As said above, every bike from every manufacturer has there own issues. Also, you said it has not seen much mud and water over the tires? If thats the case, why ya got them tires, lift and located radiator then? If you want something that you can putt around on that can go in water up to the tires and you dont have to do much maintanence on, buy a honda reacon, but I am sure they have some kind of issue also.

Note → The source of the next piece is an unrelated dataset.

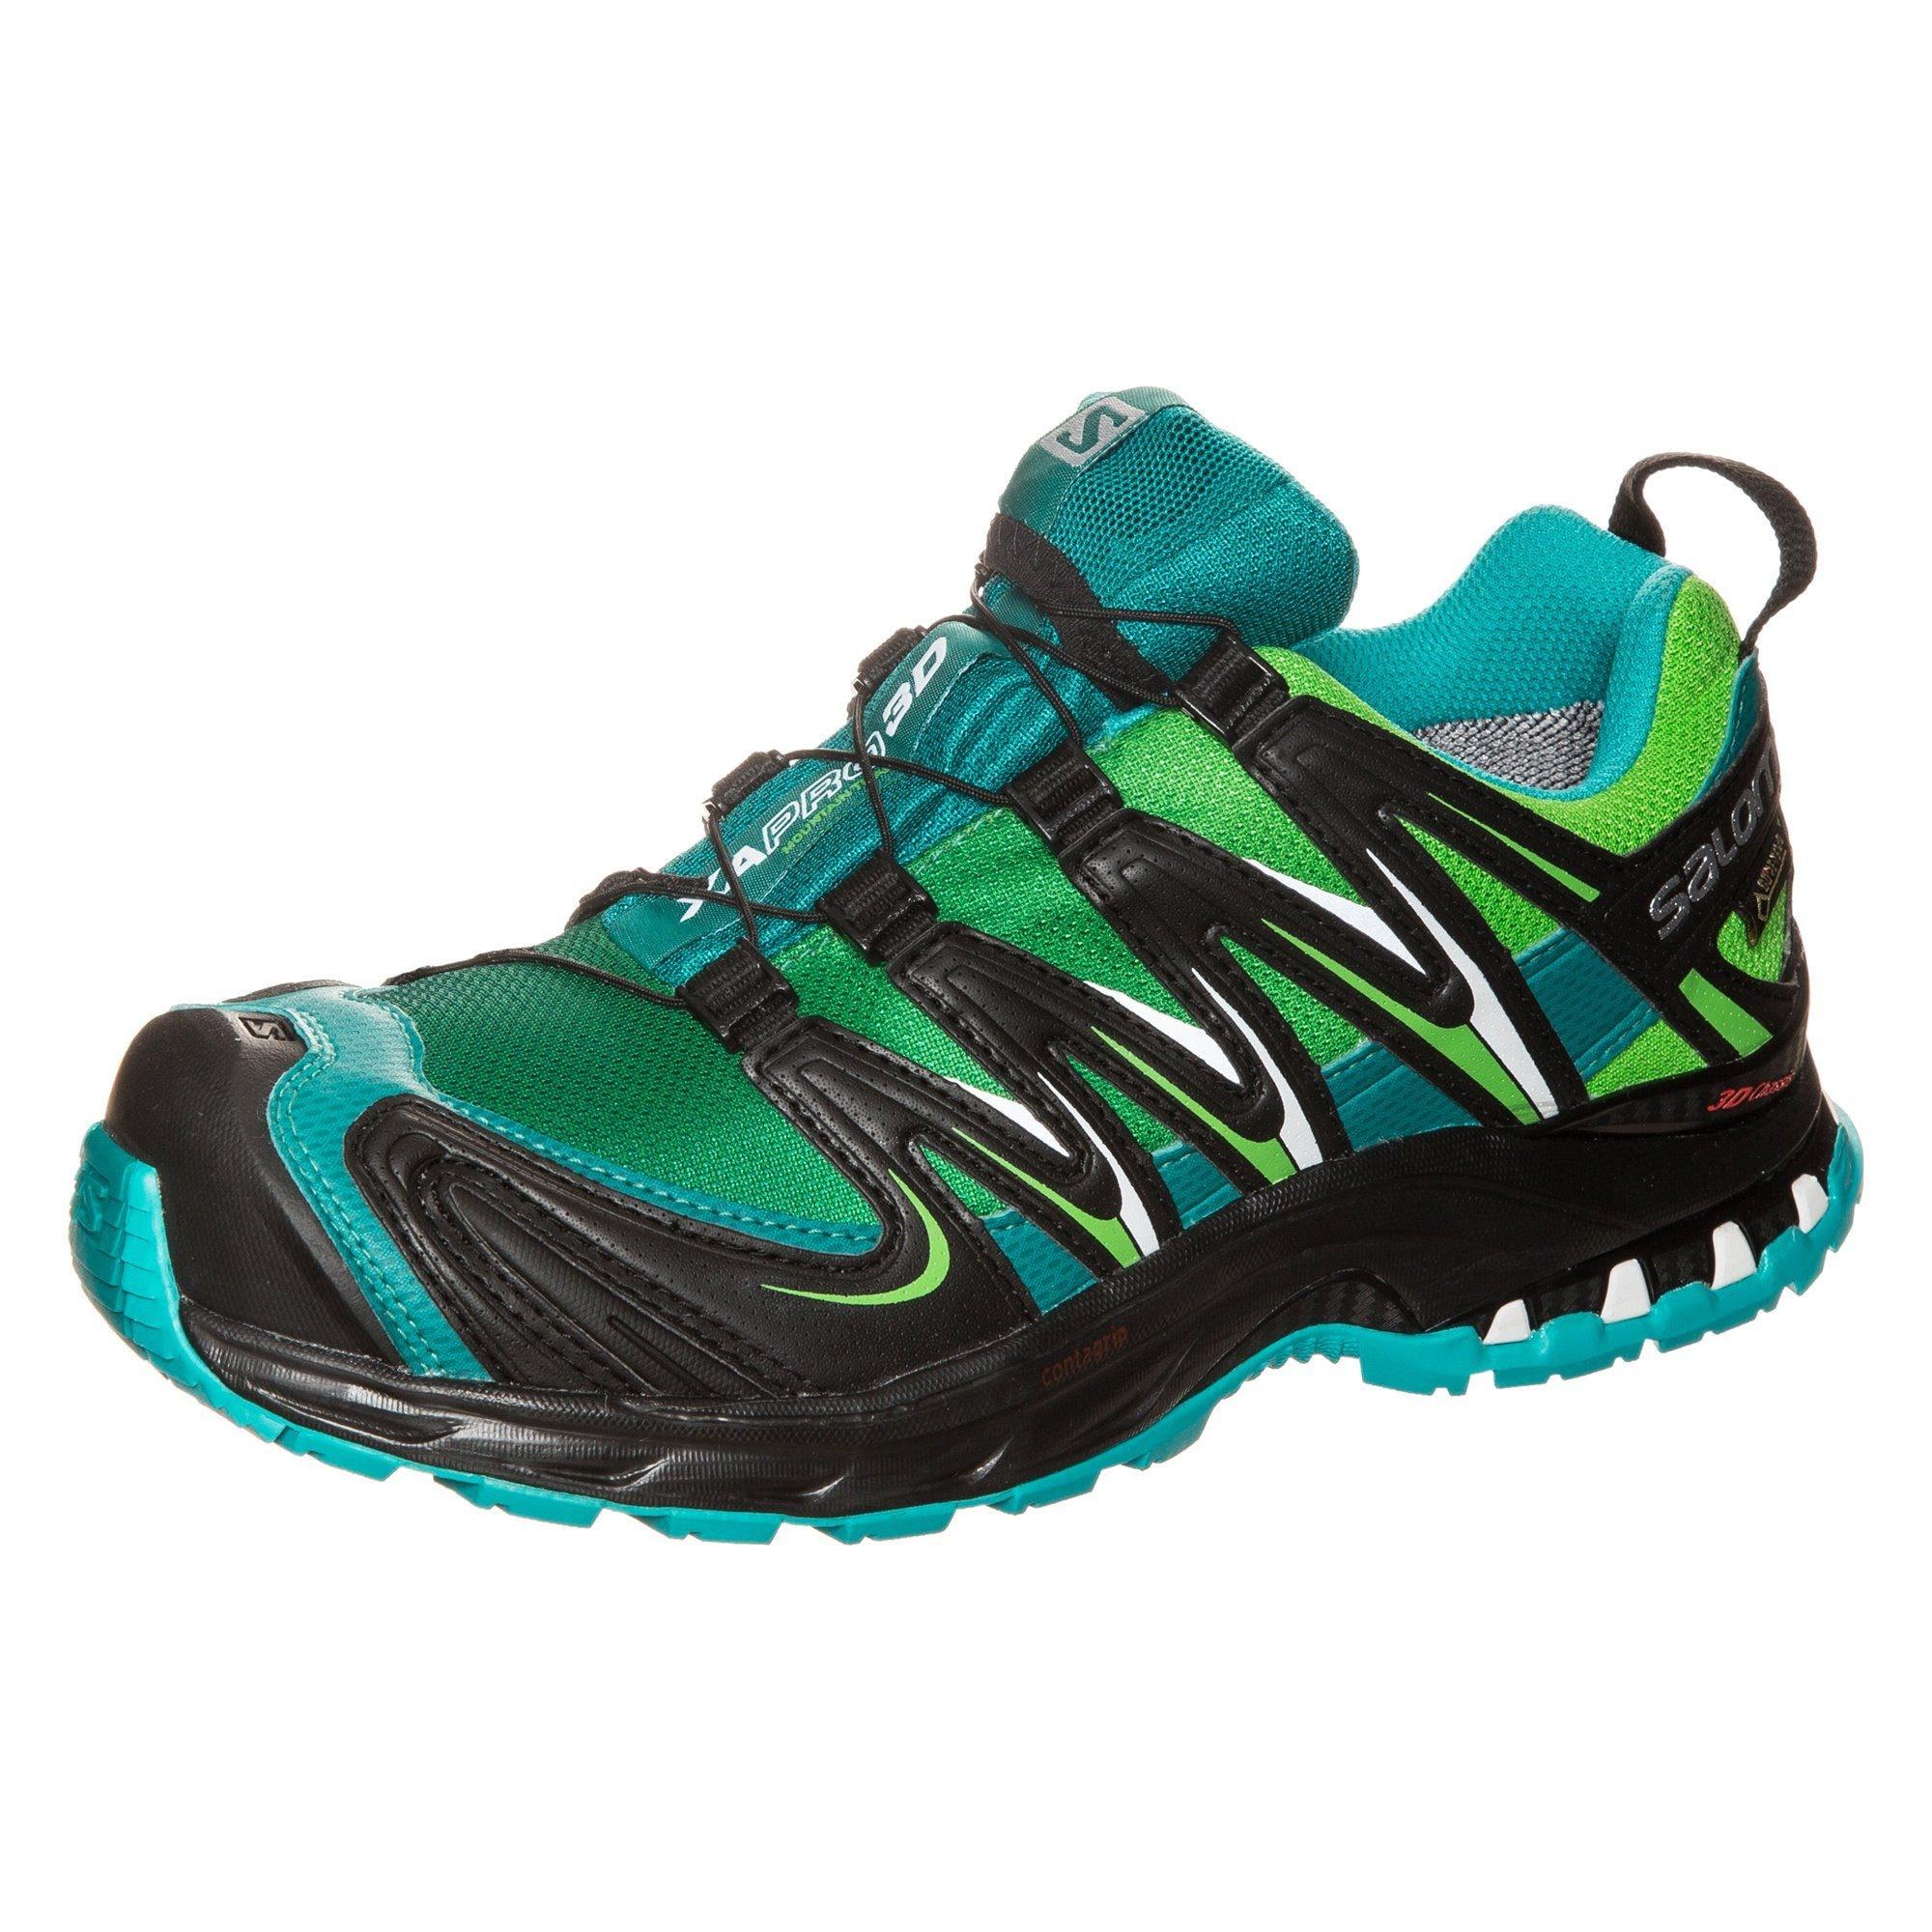 Salomon XA PRO 3D Trail Laufschuh Damen Damen Schuhe rot
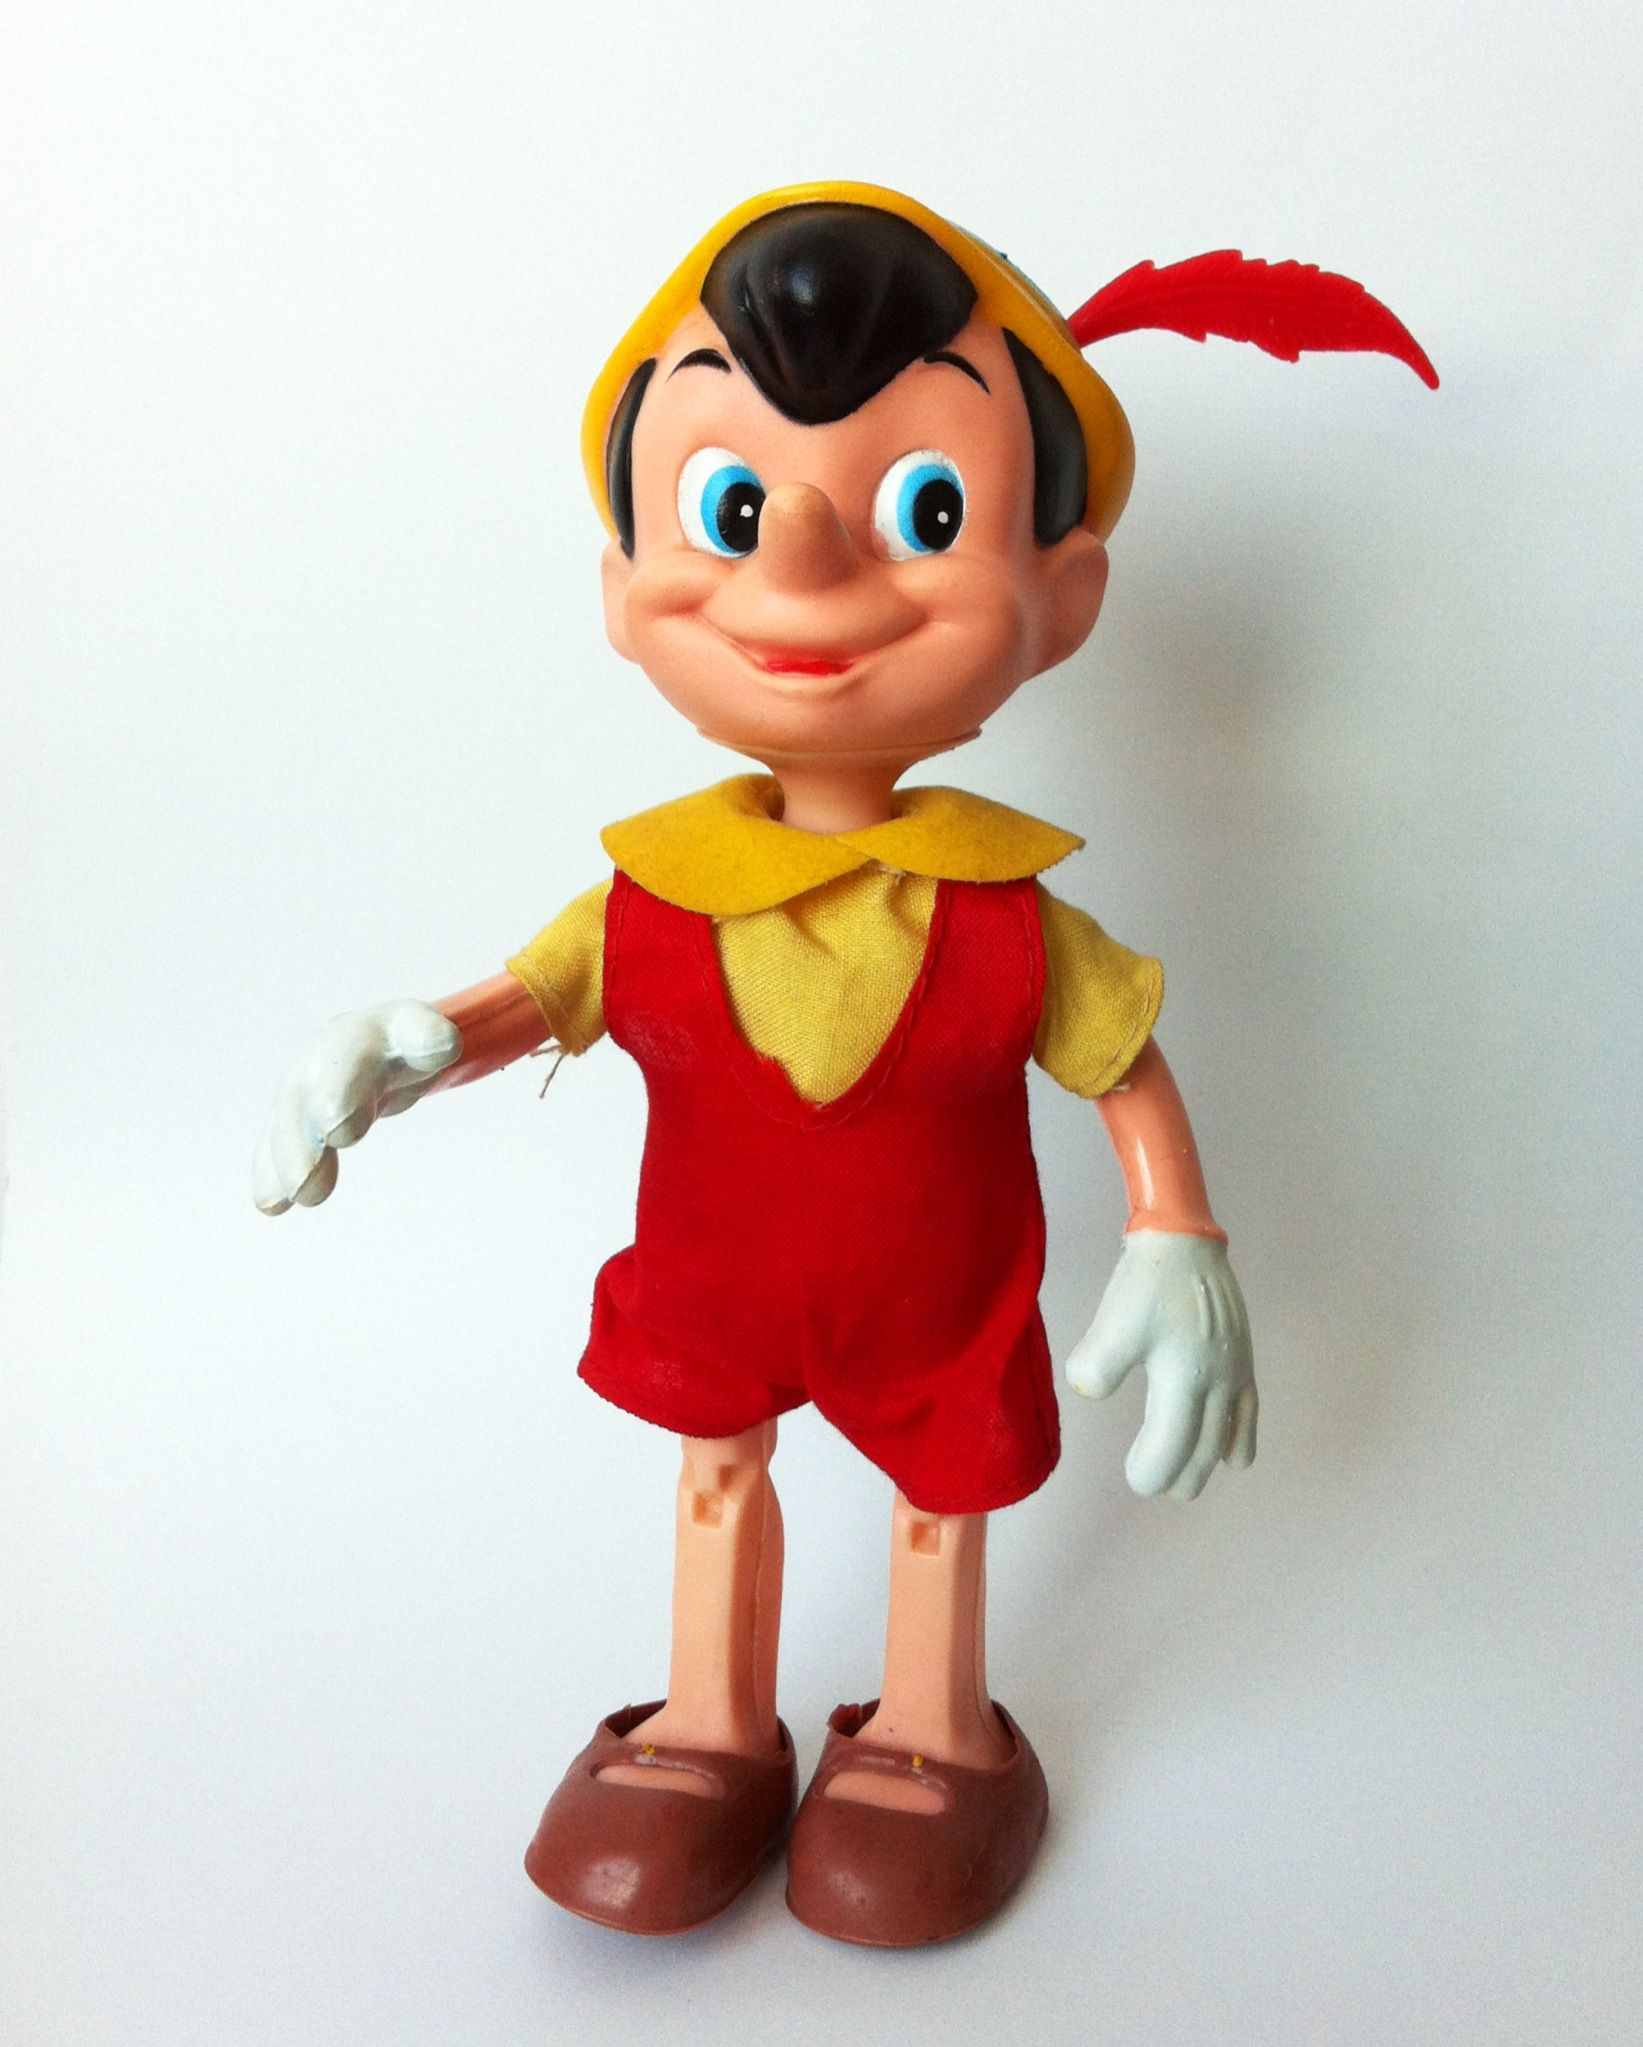 Vintage Pinocchio Toy 1960 Vintage Rubber Toys

Its all in what you want and what you are using it for. I would never buy a grizzly after having the Brute, there is just no comparison in performance to me! Nothing wrong with the grizzly, just they cant match the performance that the brute has. All in what you want it to do for ya!! 

Ok, im done


----------



## JLOWERY (Jan 30, 2010)

hey brute boy i will trade you my silver brute for your green on its the one i showed you the pics of the plastic


----------



## bruteboy (Jan 11, 2010)

well i couldnt do it,met dude with the grizz got on it and rode for 5 minutes,thought i was riding a 50cc scooter compared to the brute plus it had some issues in the cvt and i pulled the oil stick and nothing was there,told him i dont think so buddy,i ll keep my headache (sometimes)over that thing.but still going to sell it have 3 guys wanting to give me 5500. first one thats shows up rolls with it


----------



## Roboquad (Sep 8, 2009)

I have my machine shop on speed dial for head problems, but won't give up. Been married too long. it's all in the mental conditioning.We hate them but on the rare occasion their a blast to ride. Same can be said bout the bikes.


----------



## BleednGreen68 (Apr 19, 2010)

To each his own about their opinions on atvs. I guess I just havnt experienced my own probs with my atv. Mines been through tons of mud and water which causes probs. That stuff causes probs with electrical and seals. I just blame water and mud for seal failures for my atv. Mine seaps a lil so what. Im just anal about checking all my fluids so I have it in check. You get in a routine with yer atv about what areas need more attention than others. Doesnt matter what you drive, you will have probs. Earths elements arent good on anything.


----------



## Polaris425 (Dec 16, 2004)

This isnt HighLifter.


----------